Pablo Iglesias ha plagiado al inmortal escritor ferrolano. No ha escrito una novela como La saga/fuga de J.B, sino un programa de gobierno que, bien pensado, es una novela. Más educado que ese Rajoy que se niega a estrechar la mano de Sánchez, el líder de Podemos lo rechaza de otra forma: hace política ficción. Le echa la zarpa al cuello del socialista, pero con esa delicadeza que el verdugo de Berlanga tenía con quien iba a ser su víctima. "No se burlen del preso que bastante desgracia tiene", pedía Pepe Isbert.

Lo mismo habría que decir de ese candidato socialista al que se reserva el papel de florón. En su reparto, ni siquiera le da Iglesias el Ministerio del Tiempo. El modelo del podemita no es Chávez ni un imán persa, como insinúan los carcas malpensados, sino el conde-duque de Olivares. Pero lo más sugerente de la detallada oferta de Podemos es dónde sitúa a Galicia.

De momento tenemos un estatus claro. Somos una comunidad autónoma regida por la Constitución y el Estatuto. No estamos en ningún limbo institucional. Sin embargo, el plan que prepararon don Pablo y los suyos no nos deja en ningún sitio. En su futuro Estado habrá naciones y comunidades, sin que se diga cuáles son unas y otras ni por qué procedimiento se va a dilucidar la cuestión. Lo más ecuánime sería el sorteo.

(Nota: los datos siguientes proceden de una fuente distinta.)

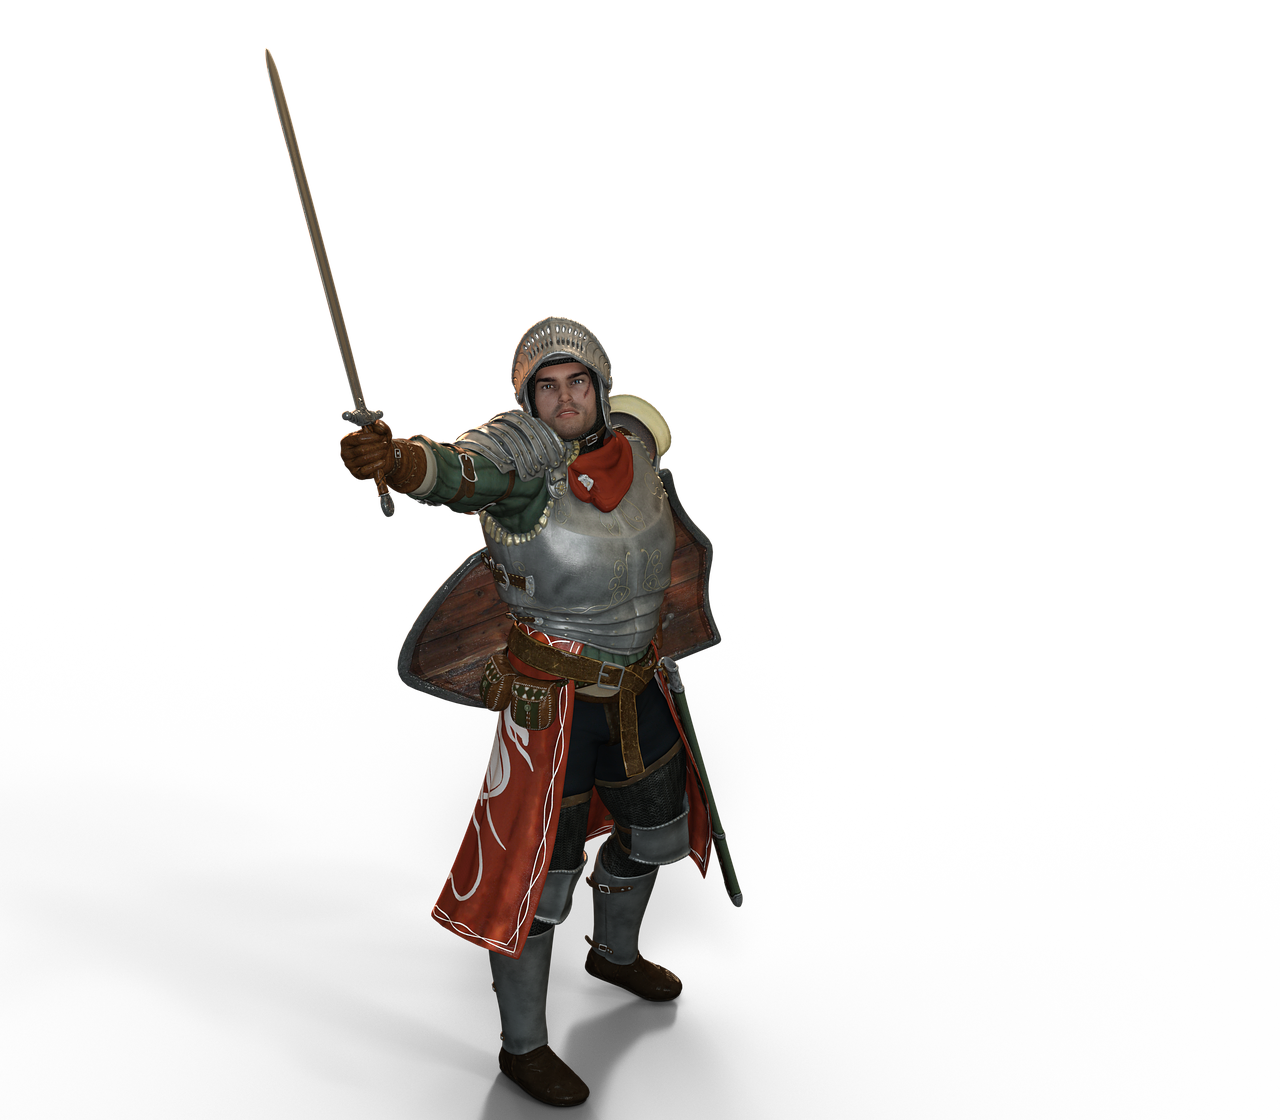 a man dressed in armor holding a sword, a raytraced image, inspired by Jacopo de' Barbari, polycount, renaissance, white and orange breastplate, ingame image, soldier, wearing green armor and helmet

En otro apartado se defiende el "derecho a decidir de Cataluña y de las naciones que planteen con especial intensidad su encaje territorial". Es decir, que Cataluña ya parte con la condición nacional asegurada. Galicia tendría que ganársela y después ser muy intensa para que la dejen decidir. Adviértase que, para adquirir el grado de nación y poder autodeterminarse, Galicia no depende de criterios reglados y objetivos, sino de la arbitrariedad. ¿Cómo se mide la intensidad? ¿Quién lo hace? ¿Hay que renovarla como el carné de conducir?

Aunque el programa que Podemos quiere imponerle al PSOE se acerque más a la ficción que a la política, hubiera sido bonito que lo gallego tuviera presencia y concreción, pero quedamos levitando como Castroforte de Baralla. También es verdad que una autodeterminación como la de Breogán Riobóo no interesa.